3. Complete Example: Parallel Array Sum

This example sums a large array by splitting it into slices based on the number of available CPU cores.

3.1 The Sequential Version (for reference)

public static long sequentialSum(long[] arr) {
    long sum = 0;
    for (long v : arr) {
        sum += v;
    }
    return sum;
}

3.2 The Parallel Version

import java.util.ArrayList;
import java.util.List;
import java.util.concurrent.*;

public class ParallelSum {

    // We declare 'throws Exception' because future.get() can throw InterruptedException 
    // (if the thread is interrupted) and ExecutionException (if the task logic itself fails).
    public static long sum(long[] arr, int numThreads) throws Exception {
        int length = arr.length;
        // Calculate slice size, rounding up to ensure we cover the entire array
        int sliceSize = (int) Math.ceil((double) length / numThreads);

        List<FutureTask<Long>> tasks = new ArrayList<>();

        // FIRST LOOP: Spawn and start all threads
        for (int i = 0; i < numThreads; i++) {
            int lo = i * sliceSize;
            int hi = Math.min(lo + sliceSize, length);

            // Define the task for this slice using a lambda (Callable<Long>)
            Callable<Long> sliceTask = () -> {
                long partialSum = 0;
                for (int j = lo; j < hi; j++) {
                    partialSum += arr[j];
                }
                return partialSum;
            };

            // Wrap logic in FutureTask and add to our list to track it
            FutureTask<Long> future = new FutureTask<>(sliceTask);
            tasks.add(future);

            // Hand the task to a Thread and start it immediately
            new Thread(future).start();
        }

        // SECOND LOOP: Aggregate results
        long totalSum = 0;
        for (FutureTask<Long> task : tasks) {
            // .get() blocks until this specific thread finishes its work
            totalSum += task.get();
        }

        return totalSum;
    }

    public static void main(String[] args) throws Exception {
        long[] data = new long[10_000_000];
        for (int i = 0; i < data.length; i++) data[i] = i + 1;

        int cores = Runtime.getRuntime().availableProcessors();
        long result = sum(data, cores);

        System.out.println("Summing with " + cores + " threads.");
        System.out.println("Result: " + result);
    }
}

Question: In sum(), what would happen if we called future.get() inside the first loop immediately after starting each thread, instead of using a second, separate loop to aggregate the results?

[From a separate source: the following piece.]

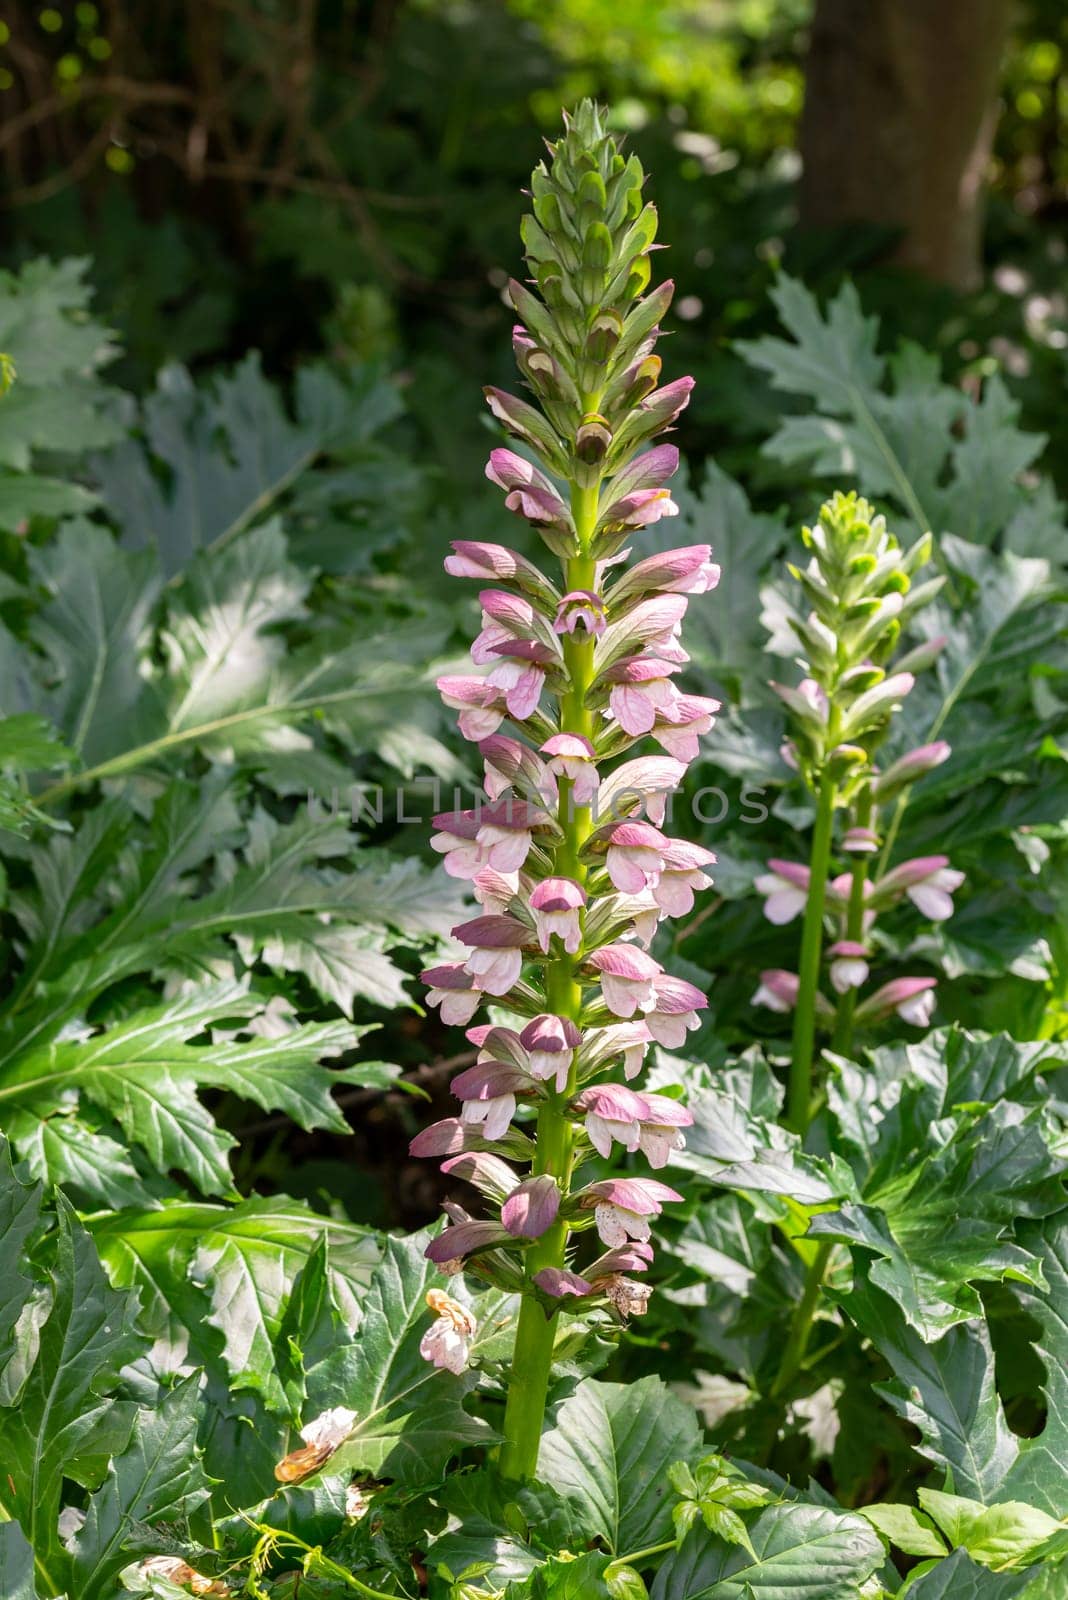 Acanthus mollis Bear's Breeches a spring summer flowering plant with a white summertime flower and a purple hood which open in July and August and is commonly knowns as Bears Breeches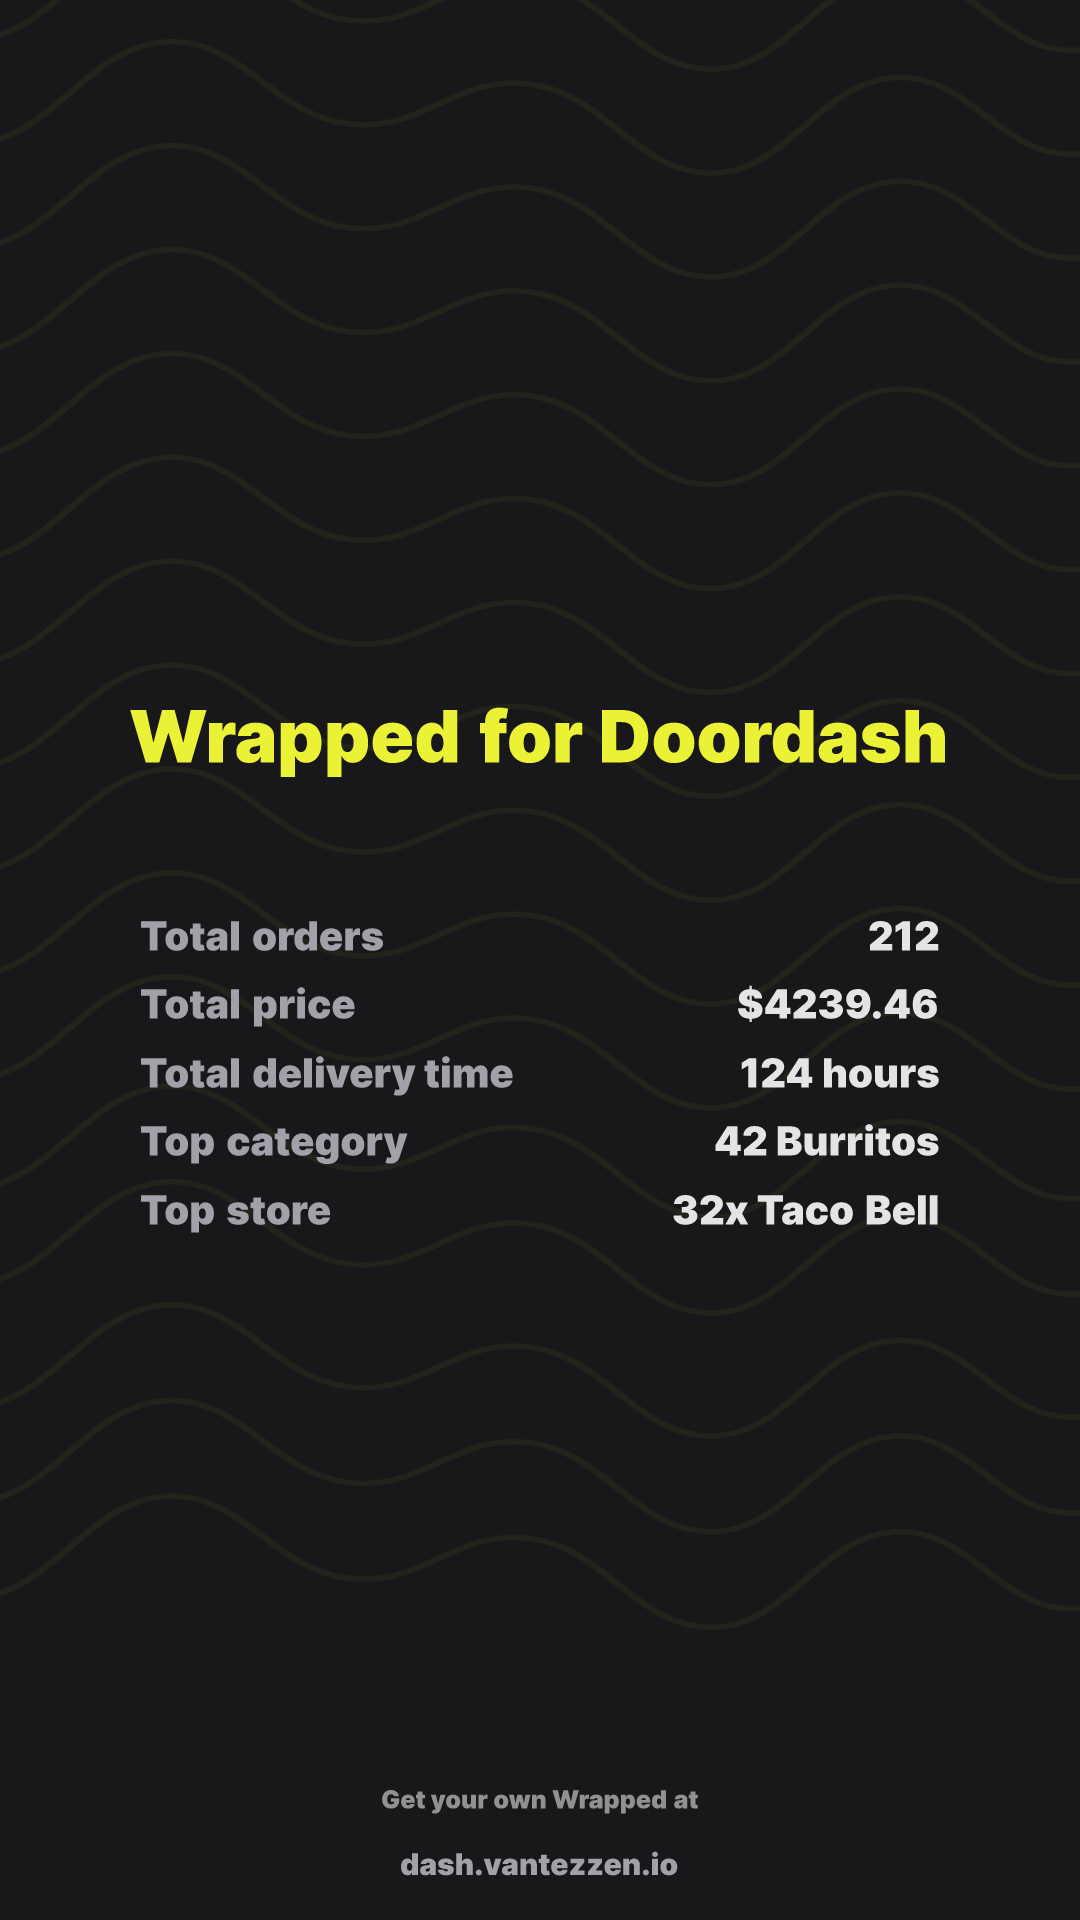 Wrapped for Doordash

4. The Rules: What to Do and What to Avoid

Creating a new Thread for every task is feasible for a small, fixed number of threads, but it does not scale well to thousands of tasks.

DO

Divide work into coarse-grained chunks. Calculate the number of available CPU cores and divide your data into exactly that many slices to maximize throughput.

Start all threads before waiting on any of them. Always use two separate loops when managing multiple threads manually: one to spawn and .start() all of them, and a second loop to .get() their results.

DON’T

Don’t create a new Thread for every tiny task. Threads have significant overhead. Each thread requires a dedicated memory stack (typically 1MB), and spawning thousands can quickly consume all available RAM or hit OS thread limits (OutOfMemoryError).

Don’t exceed the number of physical cores. If the number of threads greatly exceeds the number of physical CPU cores, the CPU spends excessive time swapping threads in and out of execution (“context switching”) rather than performing useful work.


Summary

  • Threads allow for parallel execution, but manual management carries significant overhead.
  • Callable<V> defines a task that returns a value of type V.
  • FutureTask<V> acts as a placeholder for the result and can be executed by a Thread.
  • task.get() retrieves the result and blocks the current thread until the result is available.
  • Avoid spawning too many threads. Prefer a small, fixed number of threads to avoid resource exhaustion and context-switching overhead.

Next Steps

In production code, threads are rarely managed manually. For more robust and efficient thread management, explore these frameworks:

  • ExecutorService: The standard API for managing reusable thread pools.
  • ForkJoinPool: A specialized pool optimized for recursive, divide-and-conquer algorithms.